=== What the task requires ===
Each line in the material below, starting at the one that contains "Detektyw – kiedy skorzystać z jego usług" and ending at the one that contains "Kleine Räume Einrichten", should be repeated exactly; the pictures should not.

(Data in this exercise)

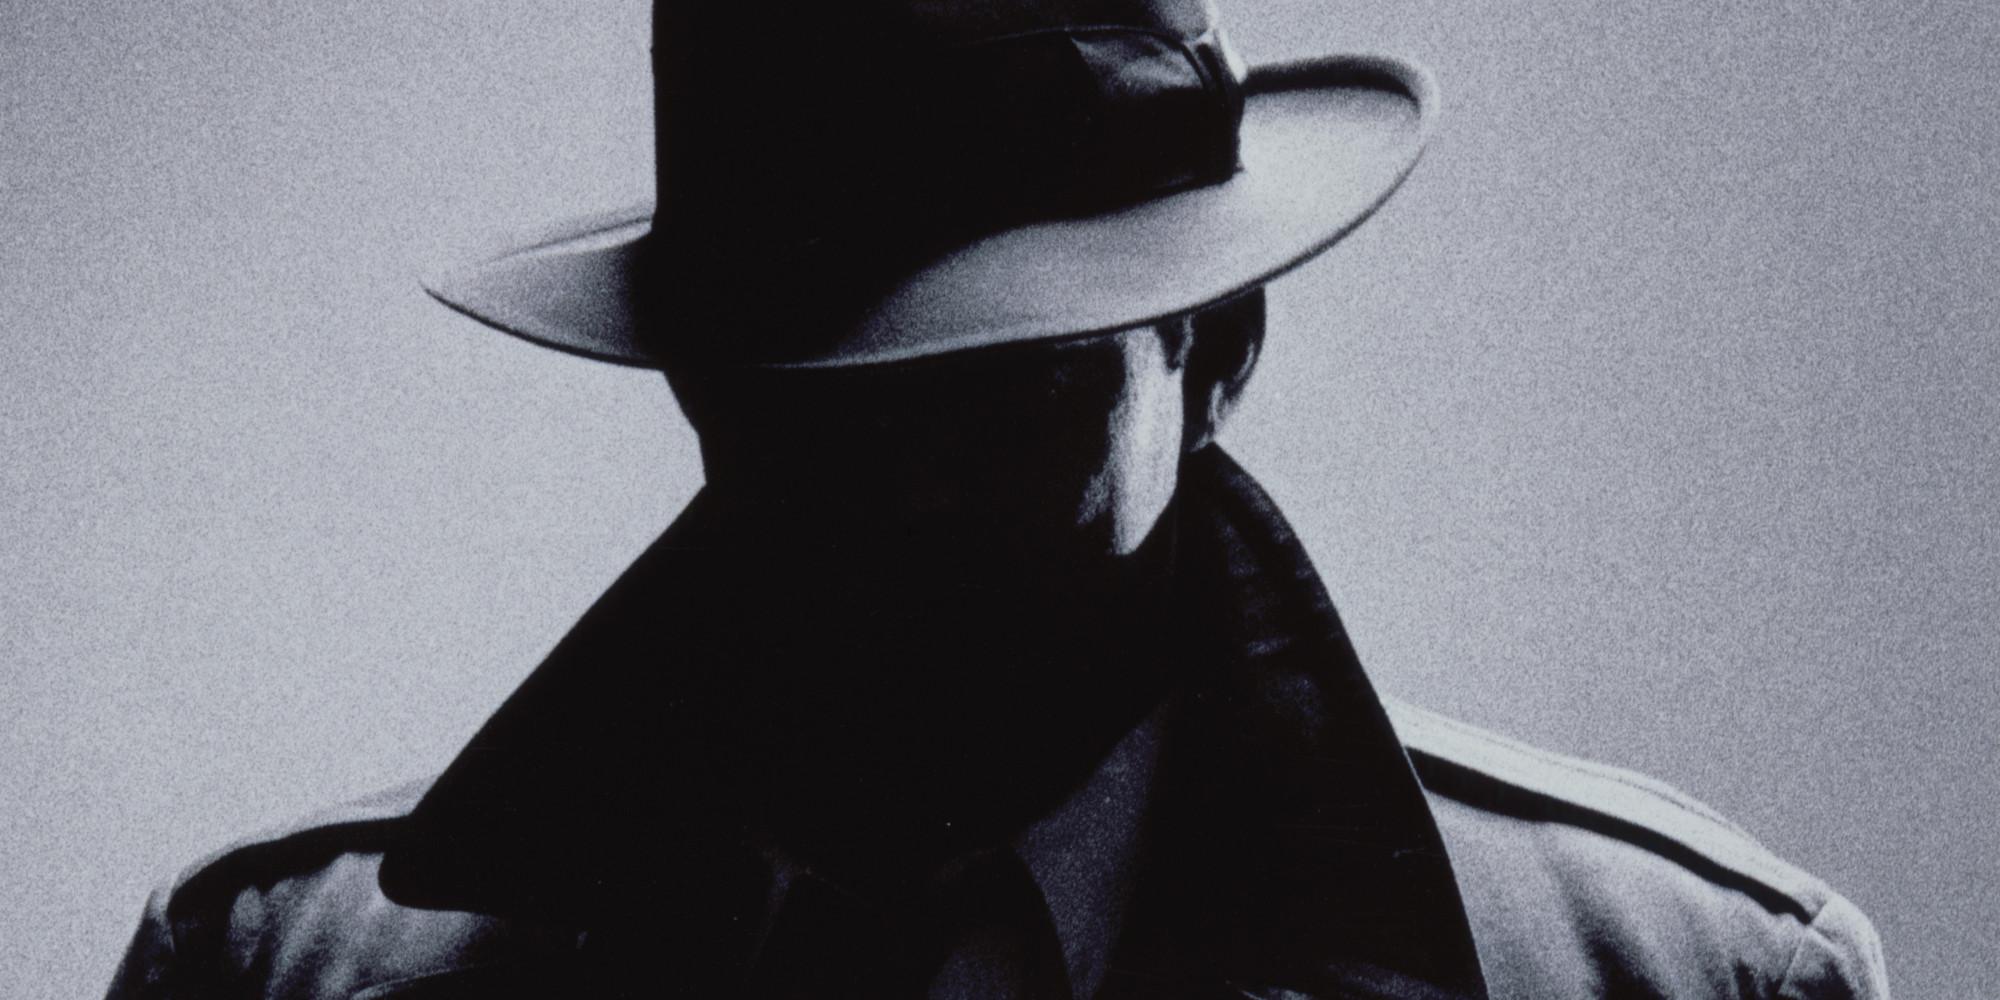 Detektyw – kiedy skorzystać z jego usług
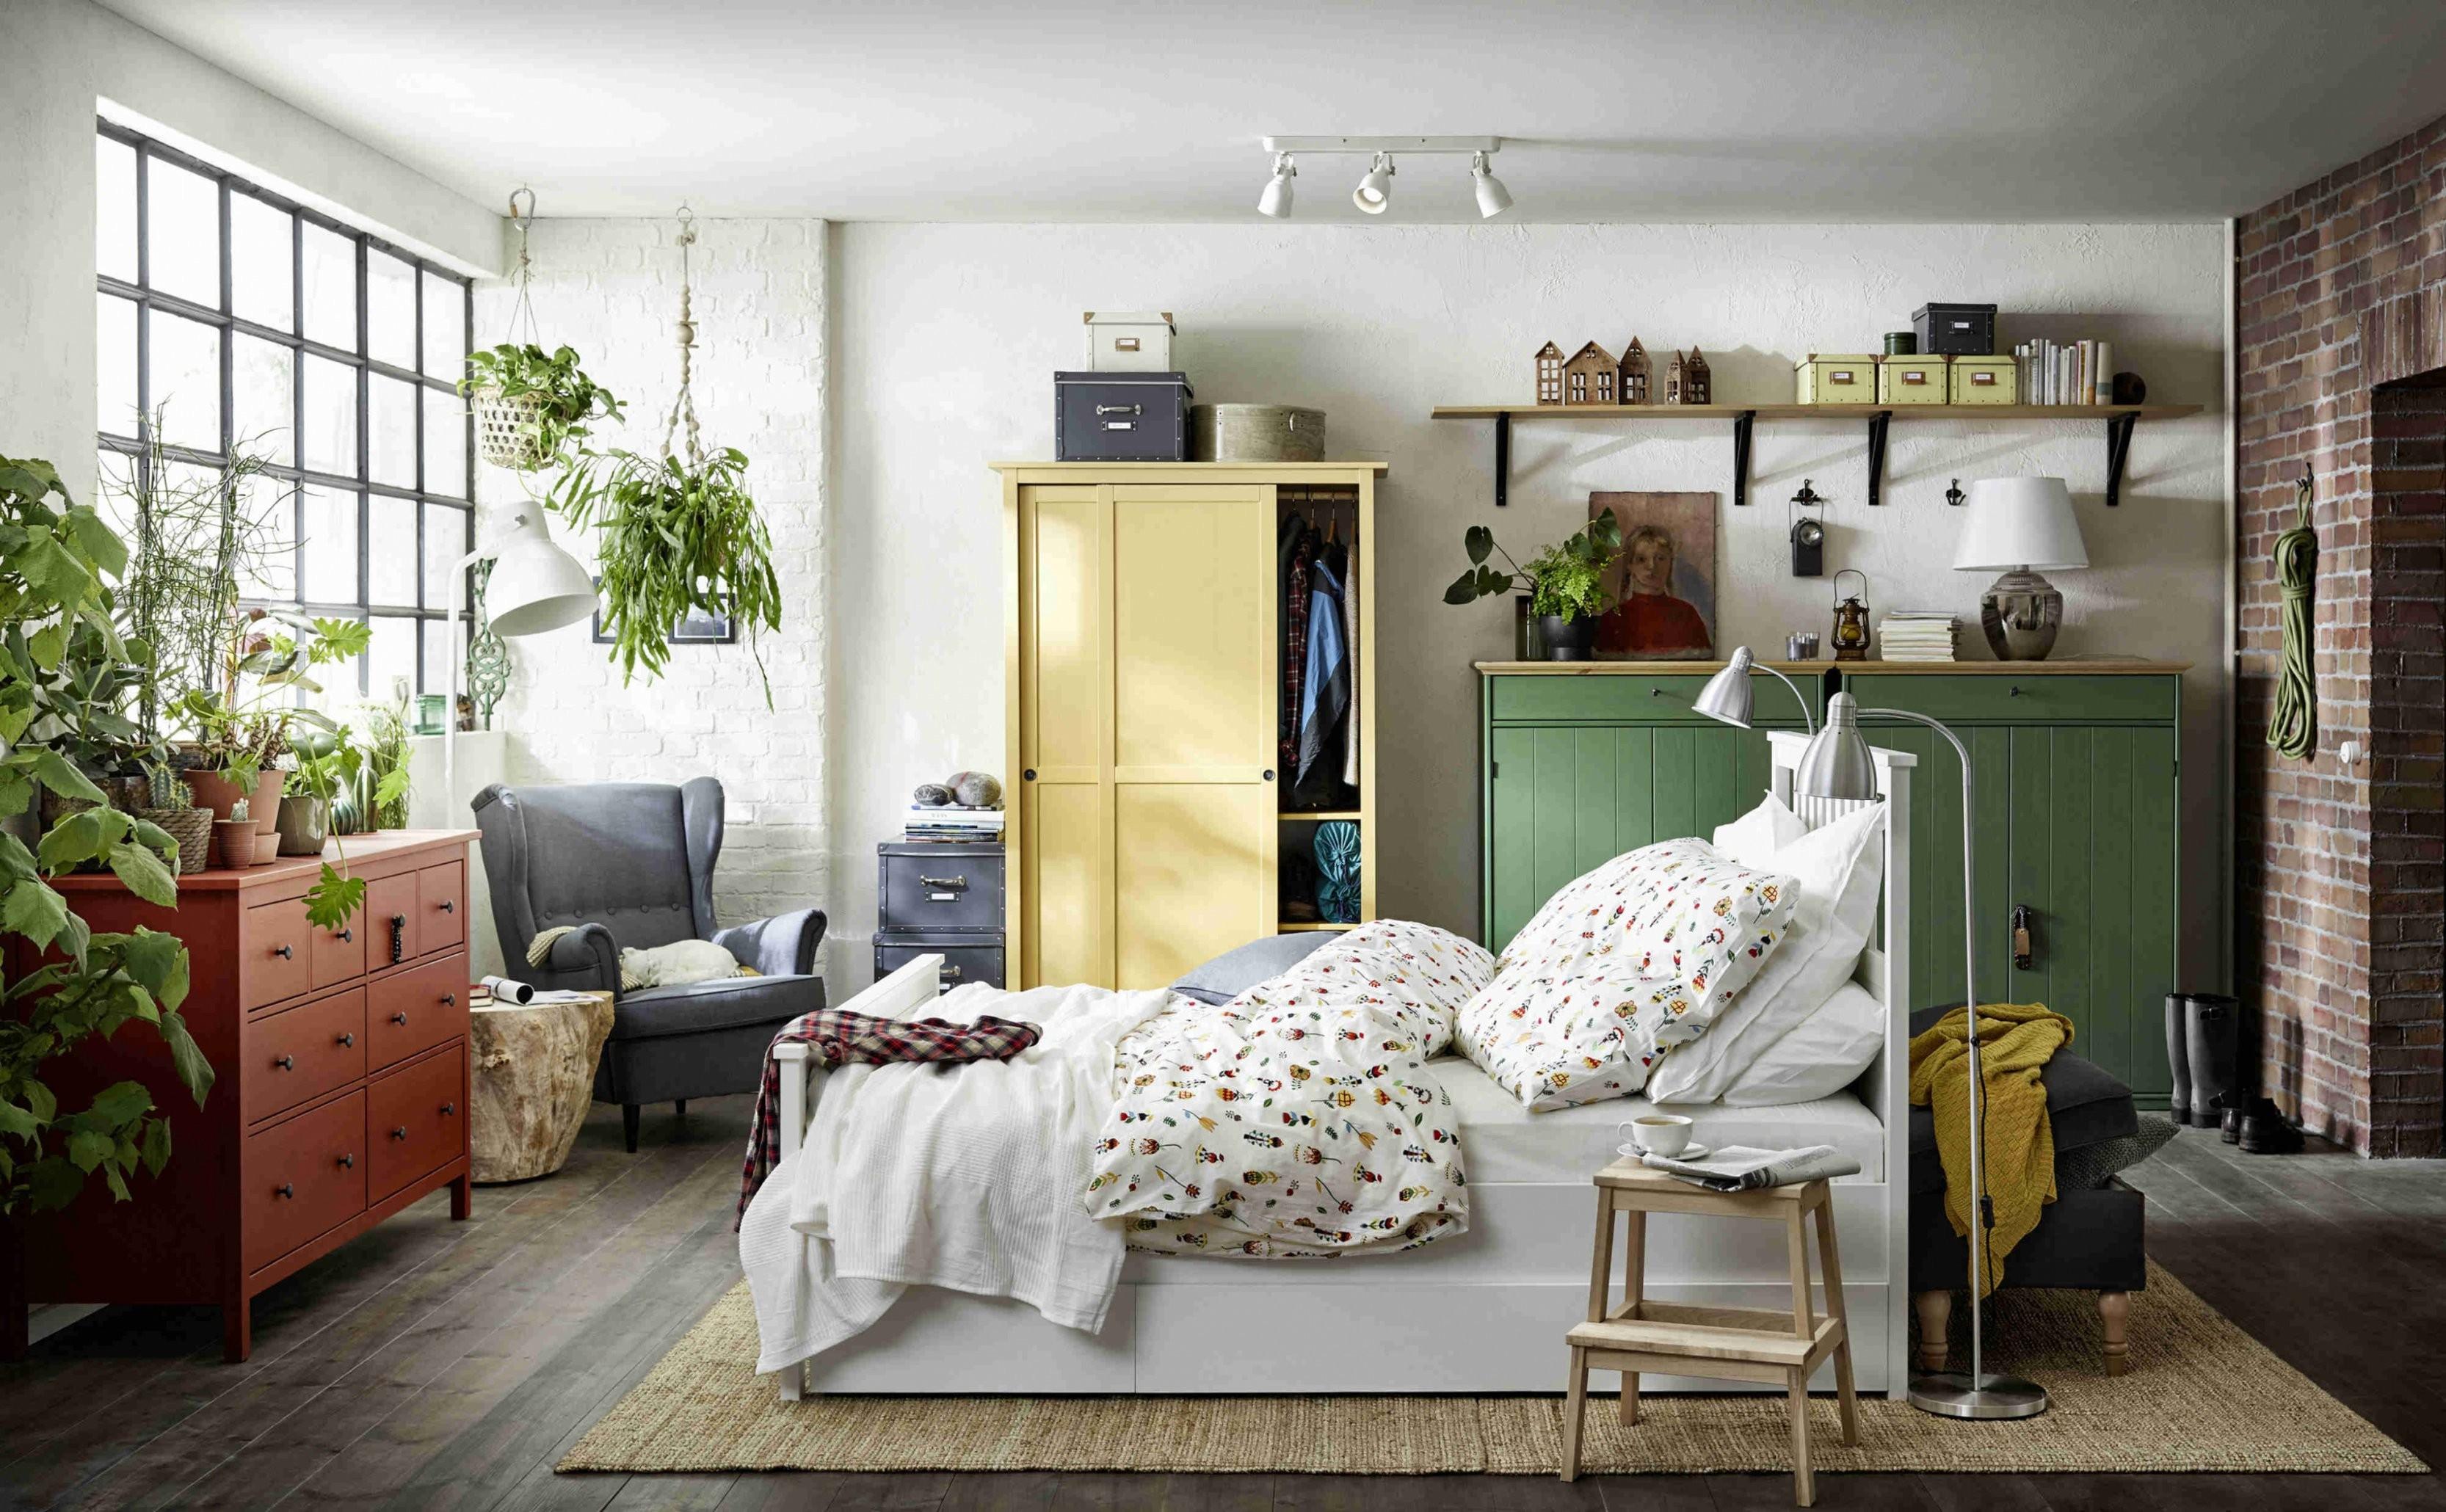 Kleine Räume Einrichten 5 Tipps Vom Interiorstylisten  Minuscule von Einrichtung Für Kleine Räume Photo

(End Data in this exercise)
(Data in this exercise)

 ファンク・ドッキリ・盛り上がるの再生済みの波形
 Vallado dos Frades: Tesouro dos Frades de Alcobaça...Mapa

(End Data in this exercise)
(Data in this exercise)

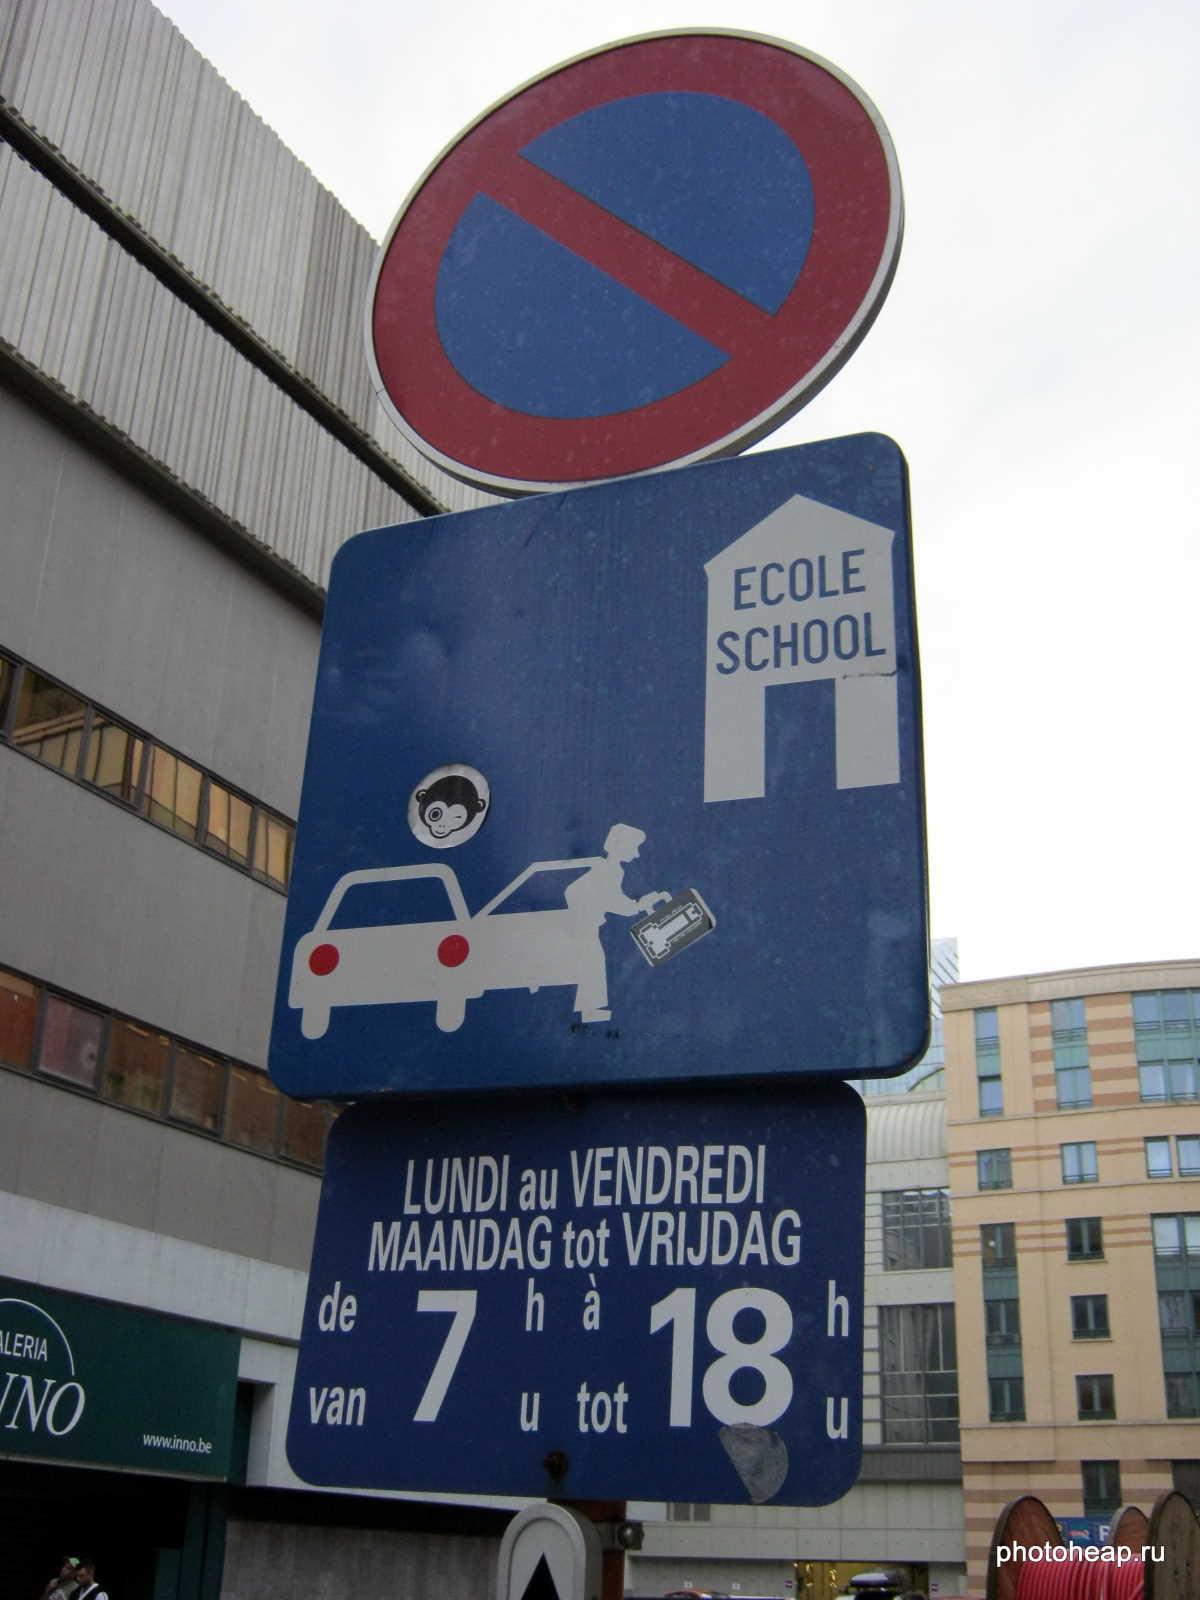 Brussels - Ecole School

(End Data in this exercise)

=== Completed exercise ===
 Detektyw – kiedy skorzystać z jego usług
 Kleine Räume Einrichten 5 Tipps Vom Interiorstylisten  Minuscule von Einrichtung Für Kleine Räume Photo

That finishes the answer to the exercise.